In the commercial arena, Texas has attracted major corporate relocations and expansions, with Toyota and State Farm Insurance having set up shop in Plano and several petroleum and oil-service interests gravitating to Houston.

The oil and gas sector has stimulated considerable design and construction activity in both Texas and Louisiana, though the decline in prices has curtailed activity in the first quarter of 2015.

Nevertheless, Texas has benefitted from new investments in drilling, particularly in the Eagle Ford formation in South Texas and the Permian Basin in West Texas, Simonson says.

Additionally, both Texas and Louisiana have seen major investments in downstream oil and gas transport, including new pipelines, rail lines, terminals and barge facilities.

Large petrochemical plants and gas-fired powerplants also have broken ground in both states. Though the first quarter of 2015 proved weak in many key regional markets, no one is pushing the alarm button yet.

"Construction-related employment in Texas fell on a month-over-month basis in January 2015 after 29 consecutive months without a decline," says Basu, who notes that employment in Texas fell 0.7% in the first quarter of 2015, the worst first-quarter performance since 2009. Louisiana experienced a steeper decline in the first quarter, 2.6%, the worst first-quarter performance since 2002.

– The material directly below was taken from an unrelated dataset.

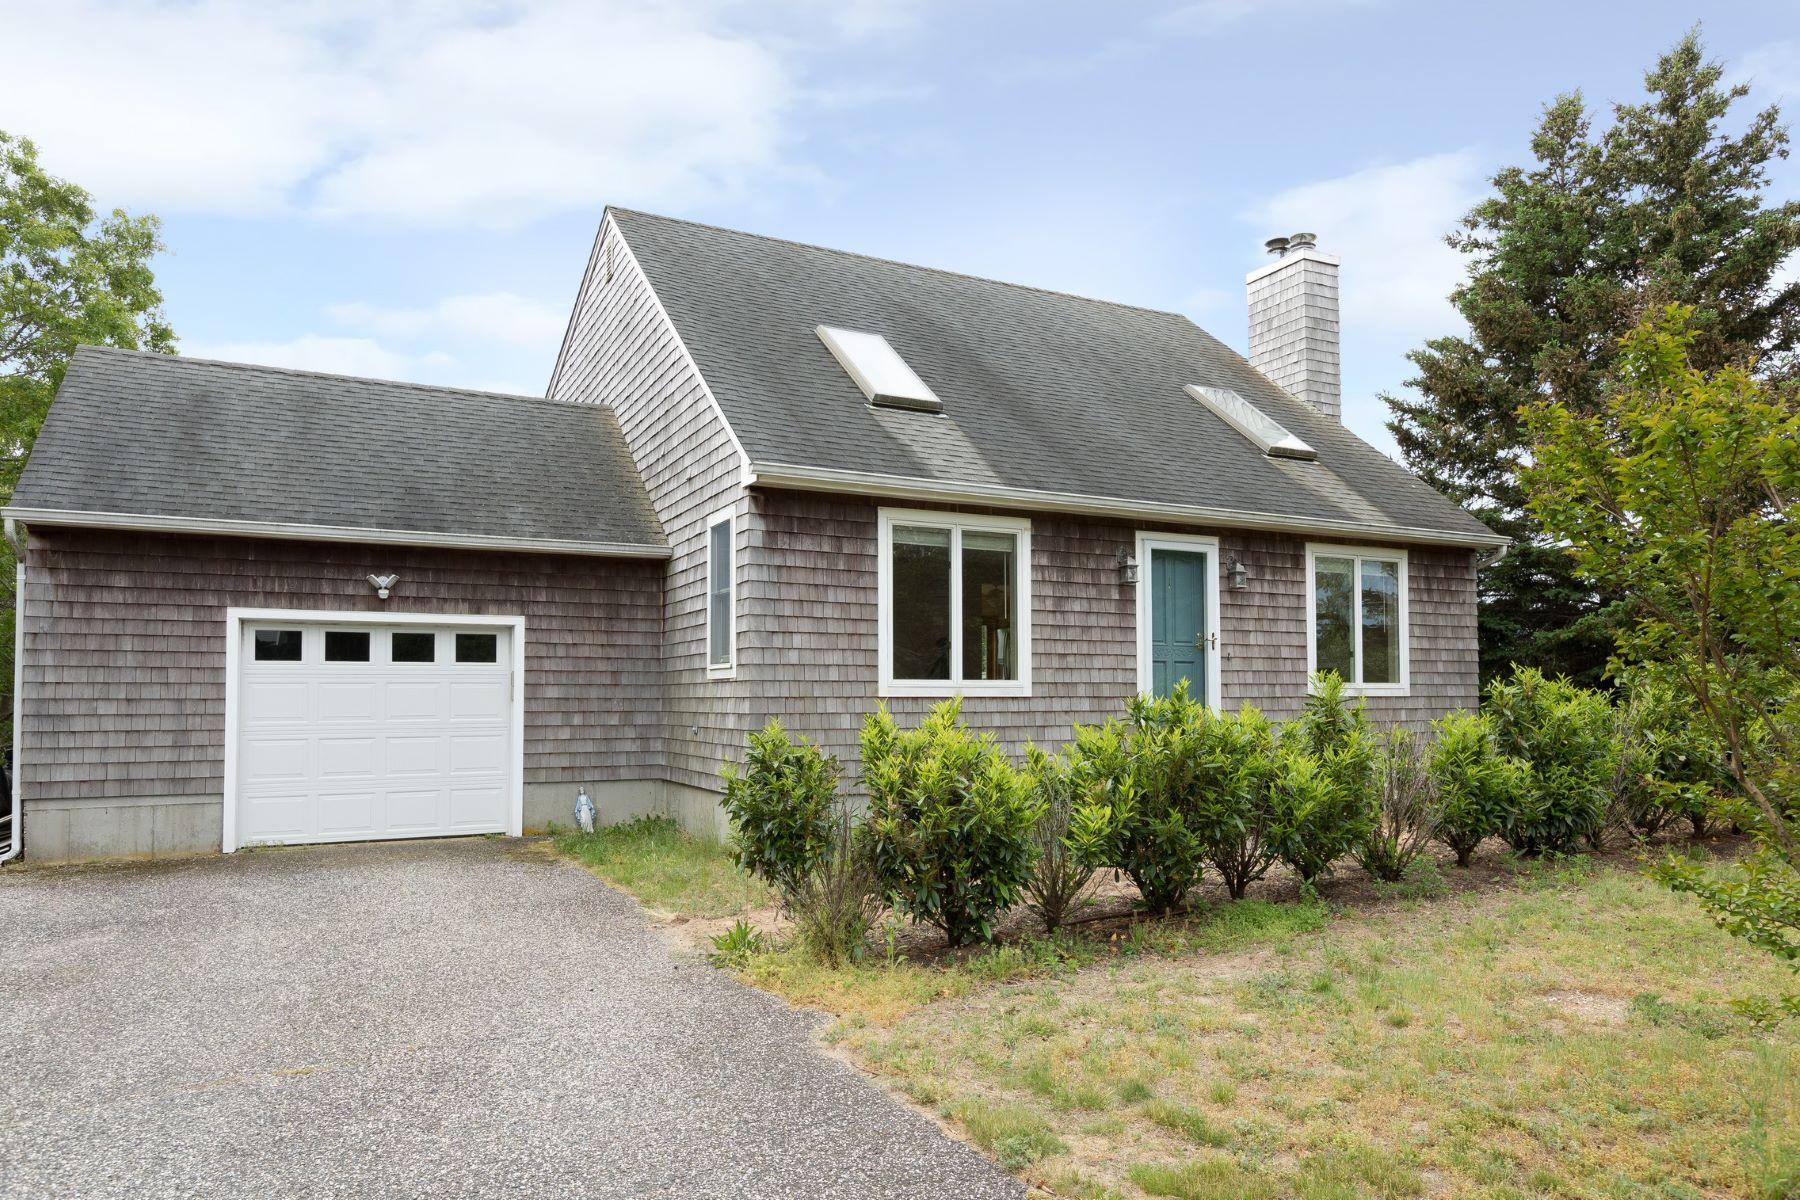 Property for Sale at Aquebogue 1 Huckleberry Hill Hl Aquebogue, New York 11931 United States

"In part, declines reflect a broader economic malaise," says Basu. "Consumers are not spending extra dollars as expected. A robust recovery in regional construction activity will depend heavily on the emergence of higher energy prices, and there is no reason to believe that will happen during the current calendar year."

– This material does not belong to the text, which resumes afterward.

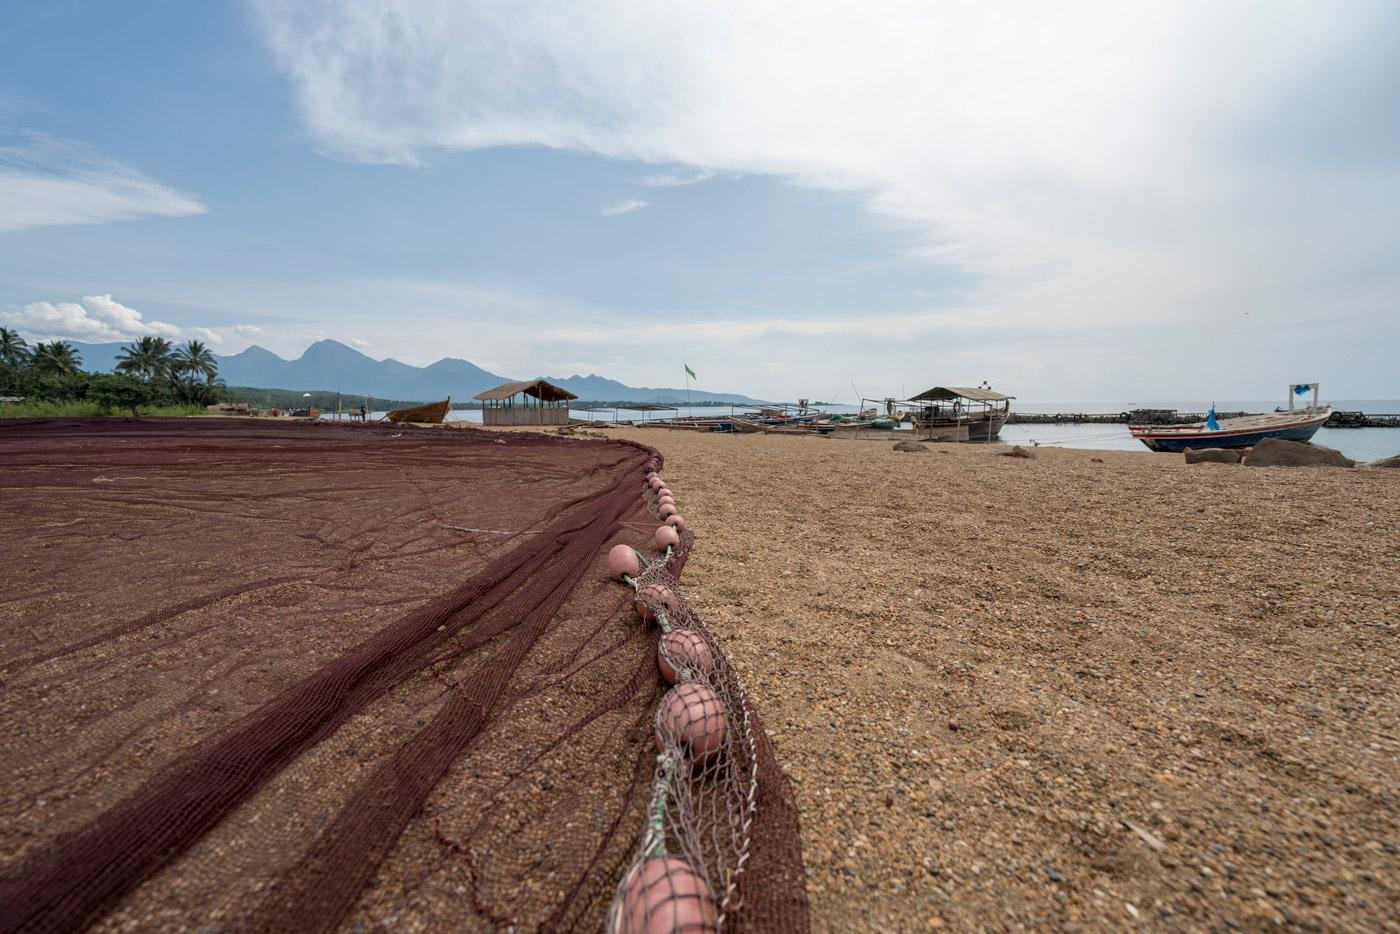 Fishing nets on the shore of Lake Malawi

While the drop in oil prices has challenged employment in oil-services industries, decreased state revenue and slowed some oil-related construction, it also has brought benefits to the region, particularly in the area of construction employment, Simonson says.

Layoffs in the oil sector and project cancellations may have made it easier for contractors to hire workers to complete projects that otherwise would have competed for the same work force, Simonson says.

Although New Orleans has experienced a drop in construction employment, other metro markets in Louisiana and Texas are adding workers.